Firazyr, an inhibitor of bradykinin marketed by Shire Pharmaceuticals, is approved for self-administration in HAE-C1-INH patients experiencing acute angioedema attacks, based on results of clinical trials that include a Phase 3b open-label study (NCT01919801).

An international registry study — called Icatibant Outcome Survey (IOS; NCT01034969) — opened in 2009 to monitor clinical outcomes of patients treated with Firazyr. It demonstrated that Firazyr works as well in a real-world setting as in clinical trials, leading to an early resolution of attacks.

A country-specific analysis of IOS also suggested that German patients treat their attacks earlier than those elsewhere.

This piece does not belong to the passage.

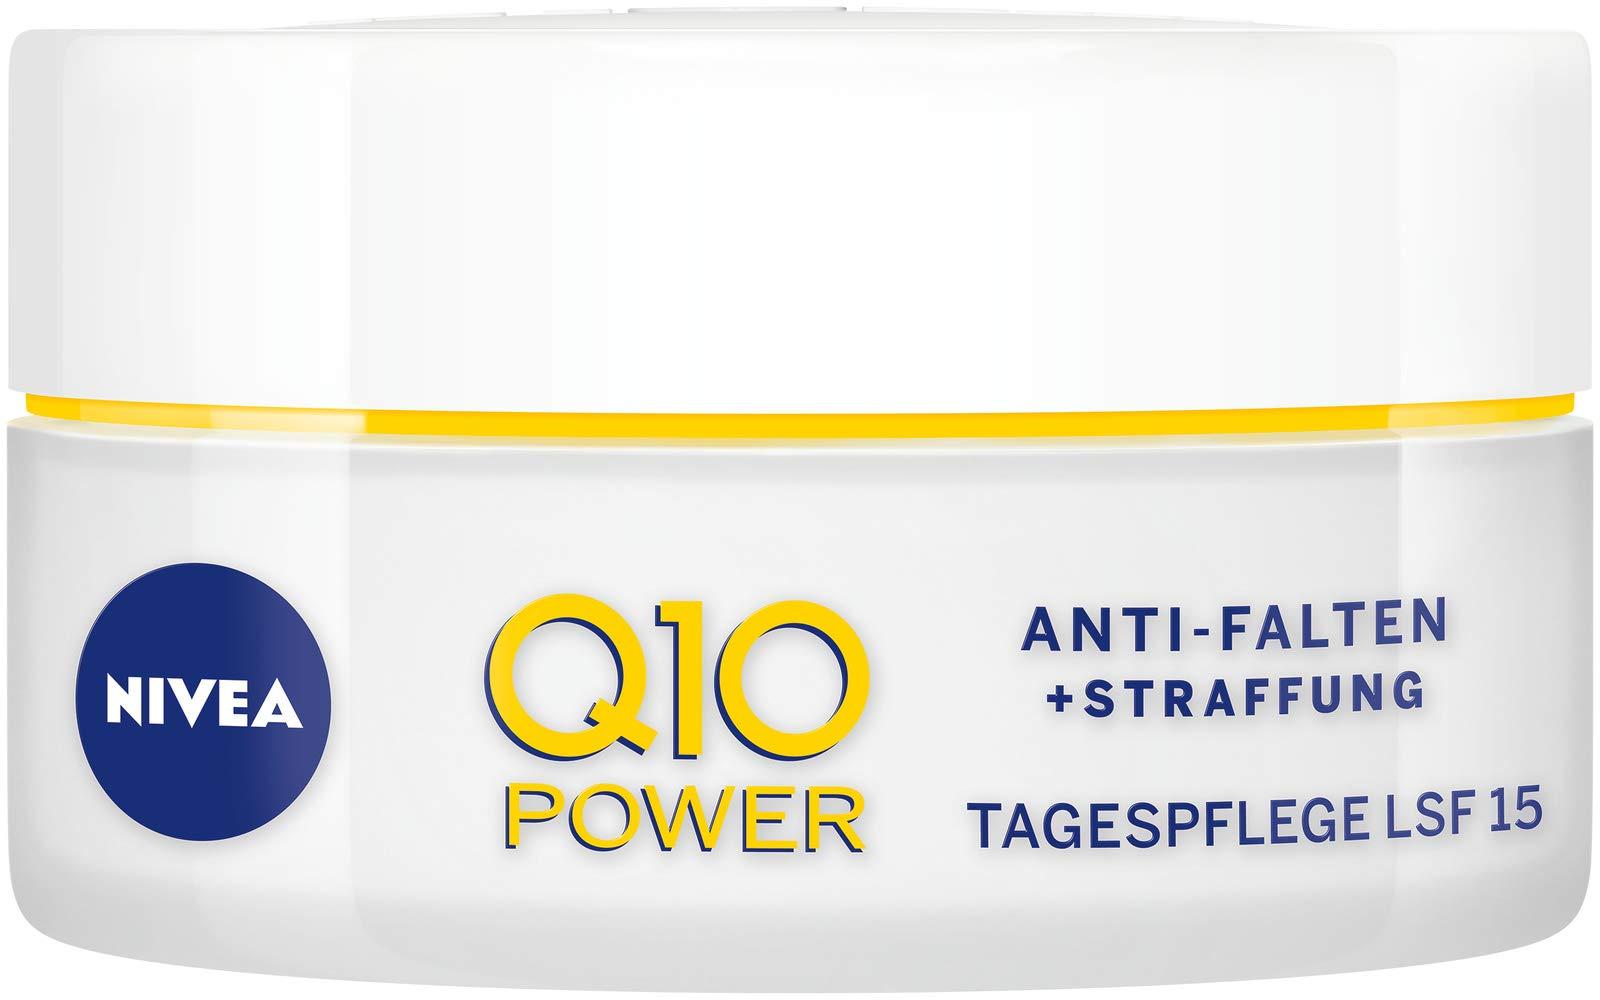 Crema de día Nivea Q10 Power antiarrugas + reafirmante, para una piel más lisa y joven, crema de día con FPS 15, 2…

Researchers in Germany decided to compare the demographics and outcomes of German patients versus patients in other IOS countries.

This was the “first report, using real-world IOS data, detailing the experience in Germany with icatibant for the acute treatment of HAE in adults and subsequent comparison with other IOS countries,” the researchers wrote.

Using IOS data from July 2009 to January 2017, researchers gathered information on 160 attacks in 93 German patients, and 1,442 attacks in 592 patients from 11 other IOS countries –Austria, Brazil, Czech Republic, Denmark, France, Greece, Israel, Italy, Spain, Sweden, and the United Kingdom. (Firazyr is also approved in the U.S. to treat acute attacks of hereditary angioedema in adults.)

Analysis of demographic and baseline characteristics — sex, diagnosis, and location of attacks — showed no significant differences between the patients in Germany and elsewhere.

Still, the researchers reported, German patients were significantly less likely to report severe or very severe angioedema attacks compared to those in other countries.

No significant differences were seen in the number of Firazyr-treated attacks among patients, and, consistent with previous studies, most patients in this study self-administered treatment for an attacks, regardless of country.

There also was no significant difference in speed in which attacks were acknowledged among patients from different countries.

But investigators found that German patients treated their attacks with Firazyr significantly earlier than patients in other countries, with mean time from attack to onset of treatment being 1.3 hours in German patients and 4.2 hours in those elsewhere.

The time to complete symptom resolution (7.6 hours vs. 15.1 hours) and duration of attacks (8.9 hours vs. 19.3 hours) were also shorter in German patients compared to the other patients.

These findings “affirm German patient awareness and acceptance of physician recommendations … that promote treatment as early as possible,” along with a high patient confidence in managing their disease, the researchers wrote.

They also pointed to the high reimbursement level in Germany and easy access to Firazyr as possible explanations for early treatment in these patients. In the 11 other countries, “icatibant may be more difficult to obtain and doses perhaps retained for treatment of attacks that are deemed more severe,” the researchers concluded.

Two of the study’s seven researchers are employees of Shire at its Switzerland international office headquarters.